This all started on a crisp, cool day in November—yesterday, in fact. I’ve spent some time lately improving some of our cut-scene creation tools and scripts. I figured it’d be simple to pop in and add a bit of extra functionality. Mistake number one.
You see, I was testing a new, but long-overdue feature that allows characters to look at things during cut-scenes. While we’ve been able to do this for awhile during other parts of the game, our junk only needed one small tweak and our characters would be a little more lifelike during cut-scenes. All was working well… or so I thought. Or so anyone thinks right before a gameplay bug rears its ugly, diseased head.
A bug is simply some bit of undesirable behavior on the part of your program. Could be something that you accidentally introduced, some mistaken assumption or piece of faulty logic—it could be something out of your hands entirely. That’s what makes programming so fun! And demoralizing.
Here’s what this particular bug does: about 60 seconds into the cut-scene, all dialogue windows abruptly close, as shown above. No matter what’s written on the screen, or what the progress of the cut-scene is or where the characters are positioned—wham! Lights out, words.
Normally, this wouldn’t be as big of an issue, because a later part of the cut-scene would, in theory, display the dialogue windows again and allow me to at least go through the entire cut-scene. This time was different though—smelled different, even. Like anguish.
As for who was the responsible party, there were some obvious candidates (spoilers: it was actually me, the programmer) For starters, you have this punk-ass plant chillin’ near the end of the cutscene, who could somehow be shutting down the whole thing. Lots of potential causes, folks. (no there isn’t, it was my fault the whole time.)

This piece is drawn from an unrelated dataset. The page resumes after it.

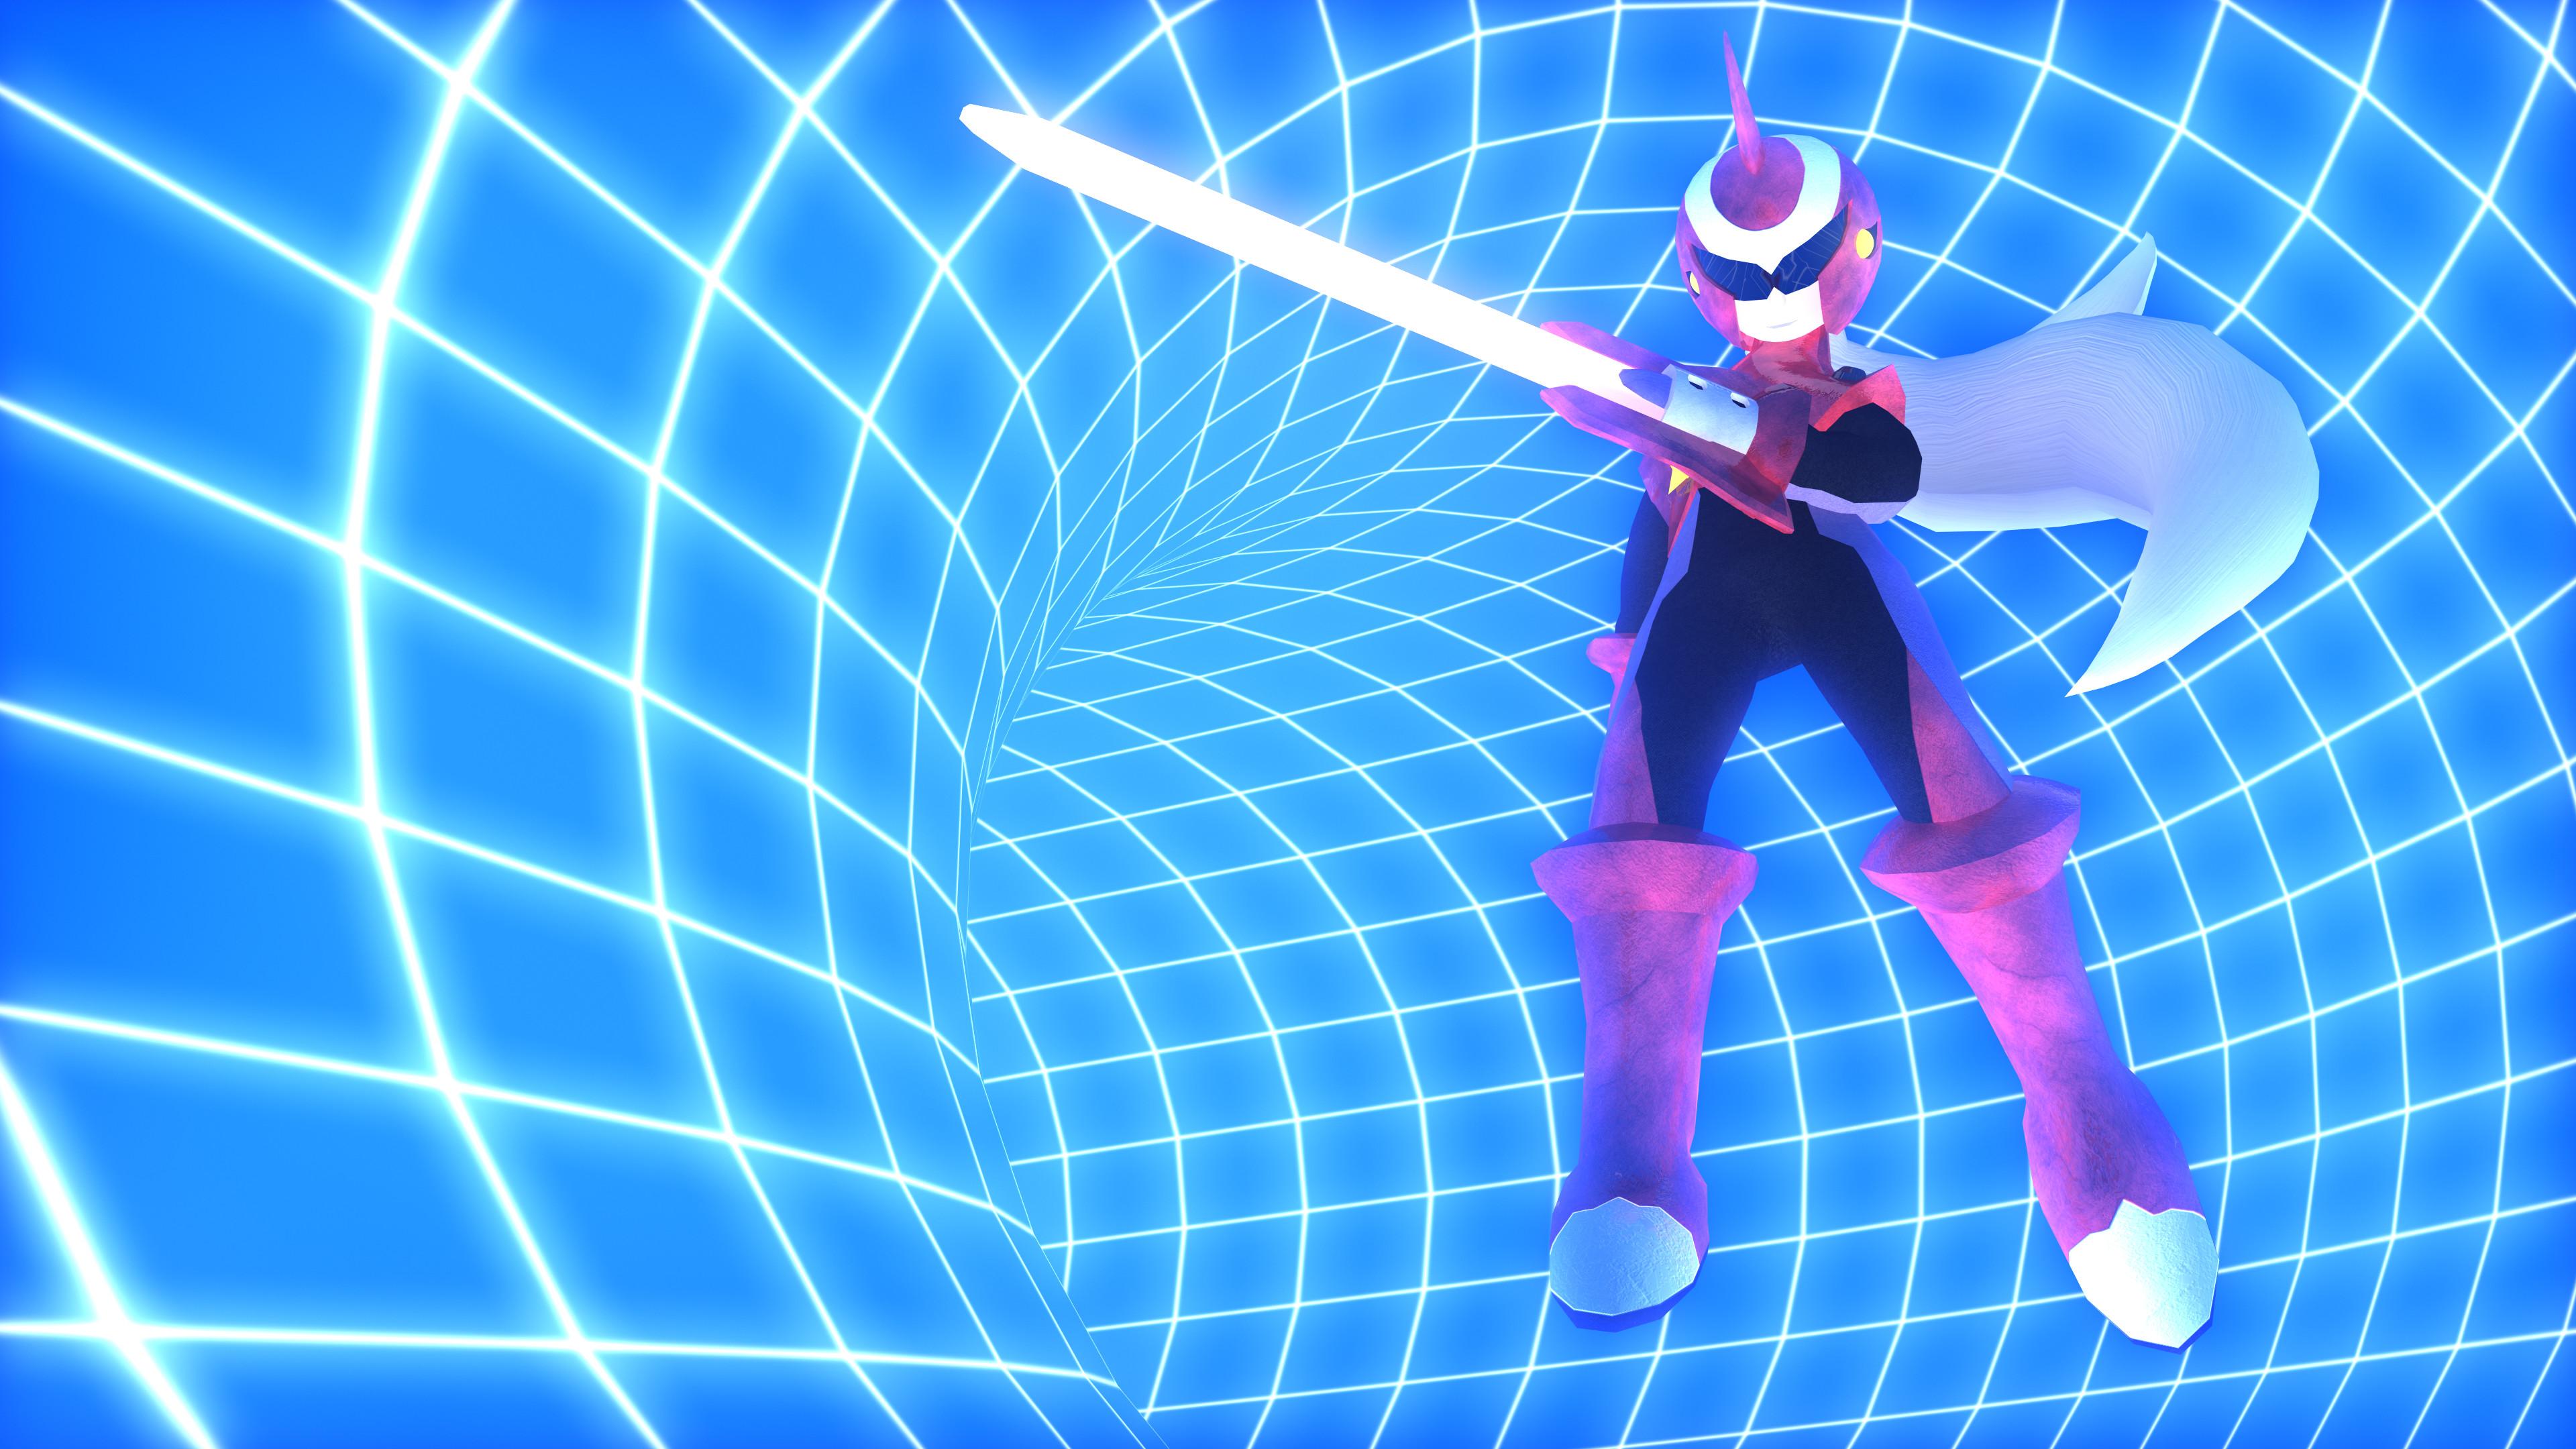 … Mega Man – Protoman.EXE 3D Model Render #3 by Stef93

When trying to hunt down a bug, it’s nice to rule out the obvious or even usual suspects, that way you don’t spend an embarrassing amount of time going down a rabbit hole when the real bug is just on the surface. Unfortunately for me, quickly ripping out all the newly-added code didn’t eliminate the bug, nor did harvesting that plant; the dialogue windows still kept closing themselves, which indicated that there might be a bit of work involved in figuring this one out. The next step, then, was to start… debugging.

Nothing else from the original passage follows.